Sun, December 14, 9:30 to 11:00am, Hilton Baltimore, Holiday 3

Abstract

Between 1918 and 1920 there were over a thousand pogroms in Ukraine, during which some 1000,000 Jews were murdered and wounded. These pogroms were instigated on the background of a bloody civil war between the Bolsheviks and their many opponents – the Ukrainian nationalists, German and Polish soldiers, the White Army headed by Anton Denikin, local partisans and Ukrainian farmers. Towns were torched, communities were wiped out, Jewish property was looted and Jews were executed in cruel and unusual ways, while women were raped and humiliated. Tens of thousands of orphans had to be taken care of by Jewish aid organizations. It was a national disaster the likes of which was not previously known.

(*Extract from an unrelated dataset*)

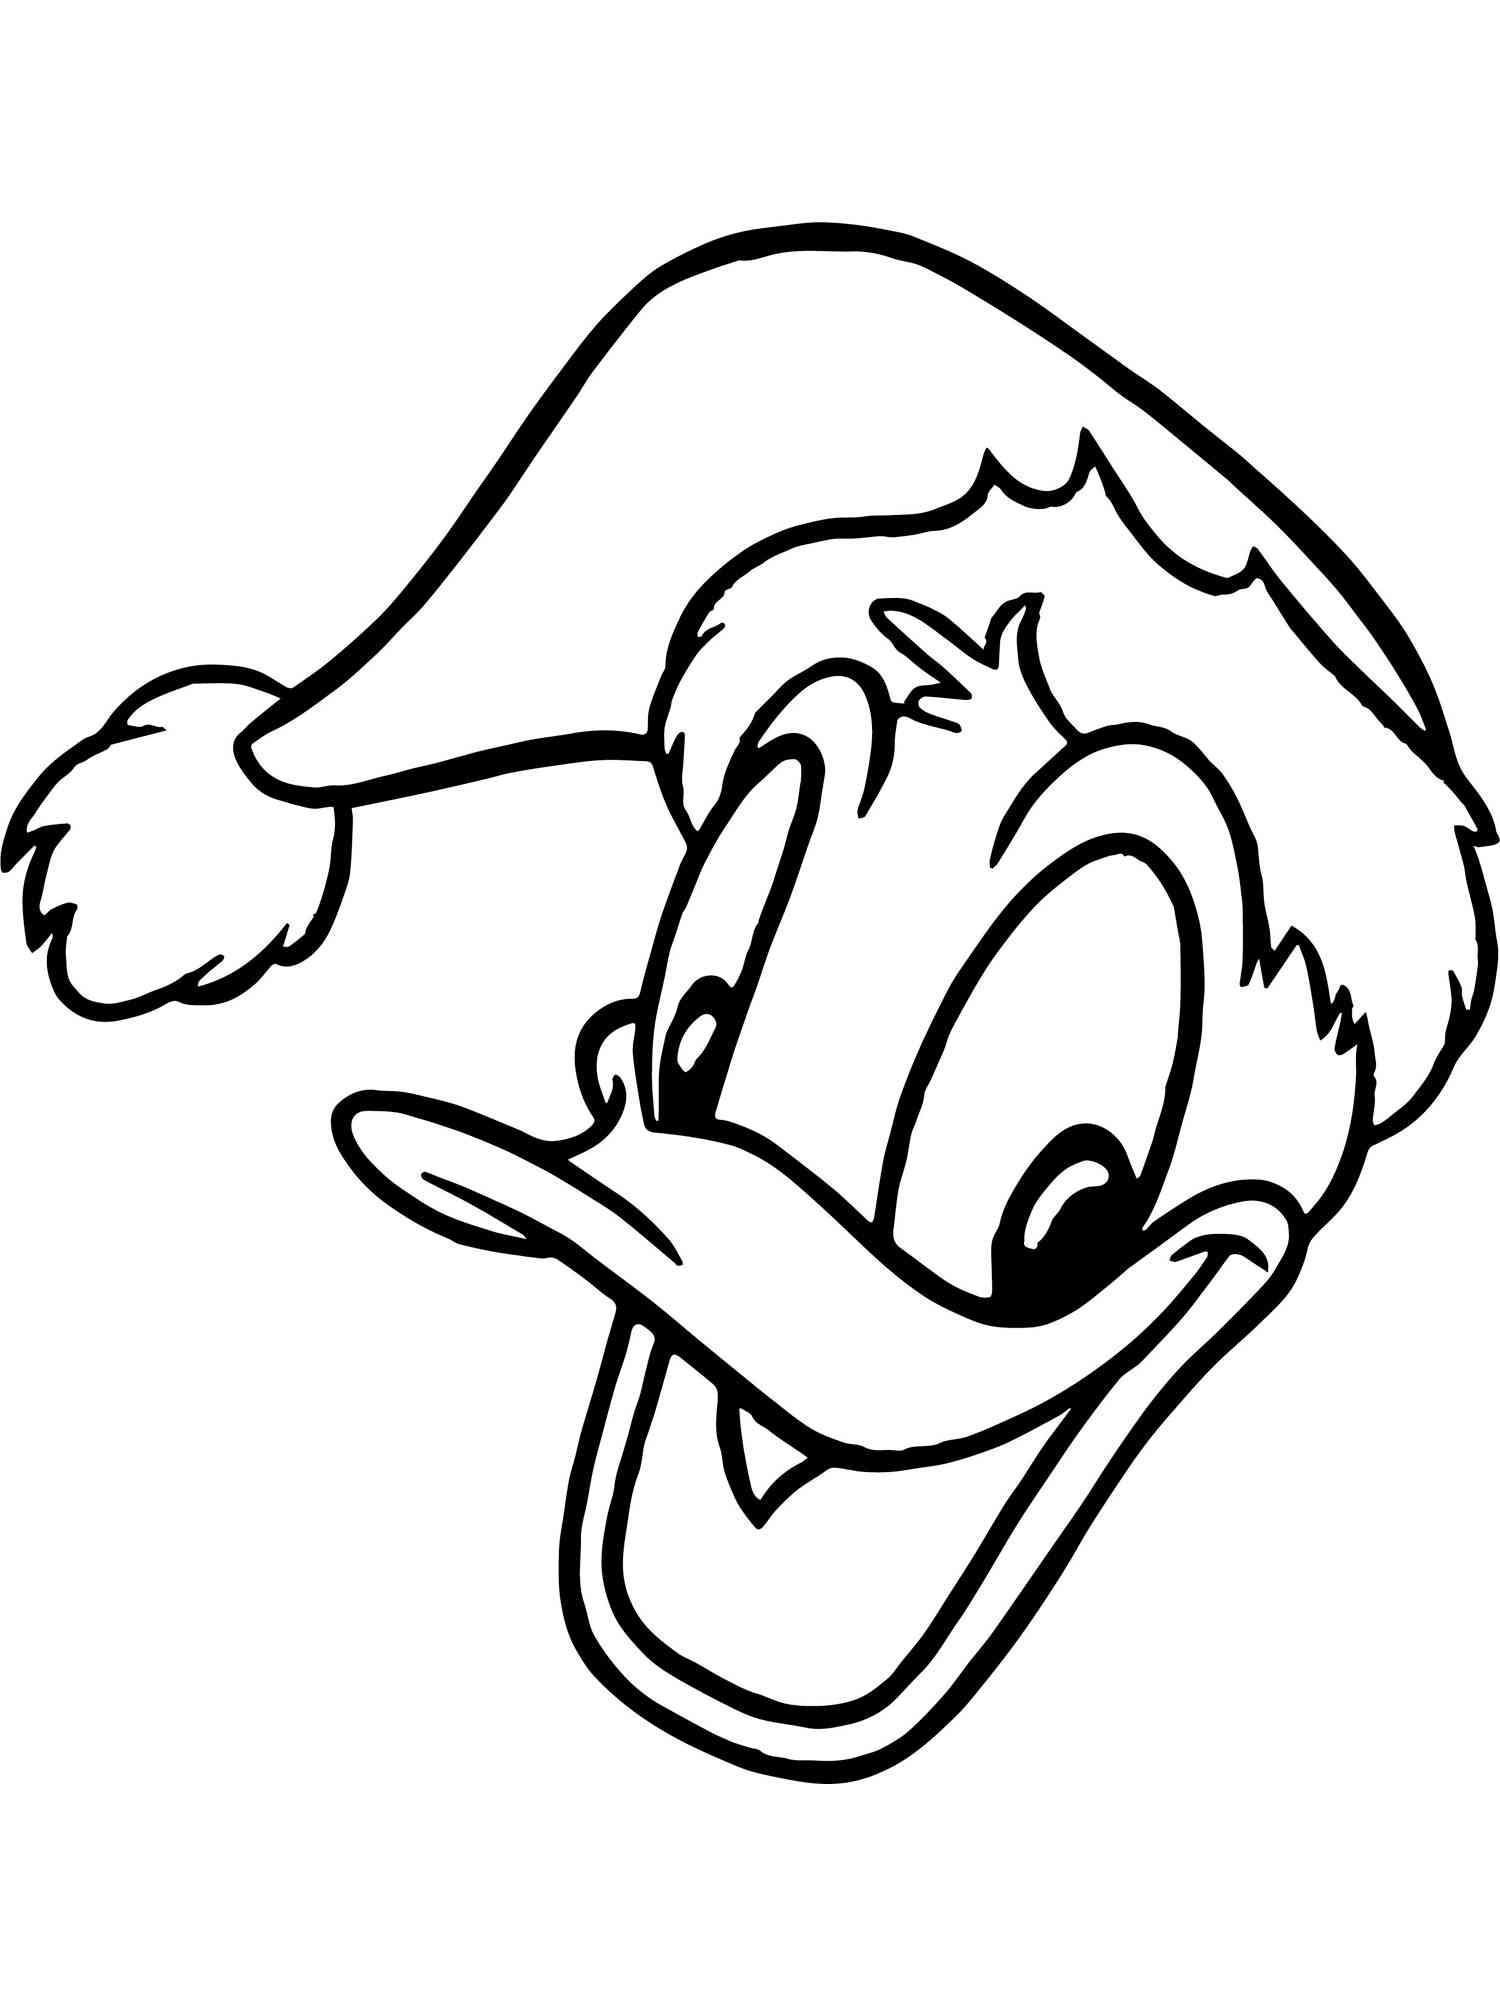 Donald Duck 11 coloring page

Delegations sent to research the reasons for the pogroms, to document them and to offer material and emotional aid to the survivors left no room for doubt that the slaughter of Ukrainian Jewry during the Russian civil war was one of the cruelest and most brutal events in the history of the Jewish people since the days of the Chmelnitsky massacres of 1648-49.

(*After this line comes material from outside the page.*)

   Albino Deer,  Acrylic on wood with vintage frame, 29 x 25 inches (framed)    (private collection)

My lecture is divided into three parts. The first examines the pogroms in Ukraine between 1918 and 1920. I intend to focus on the reasons for the pogroms and the extent of the destruction suffered by Ukrainian Jewry. The second part attempts to ascertain what the Zionist movement knew about the pogroms and how did the Yishuv respond? And the third part examines the attitude of the American Jewry to the pogroms with focus on the financial aid and the memorial patterns.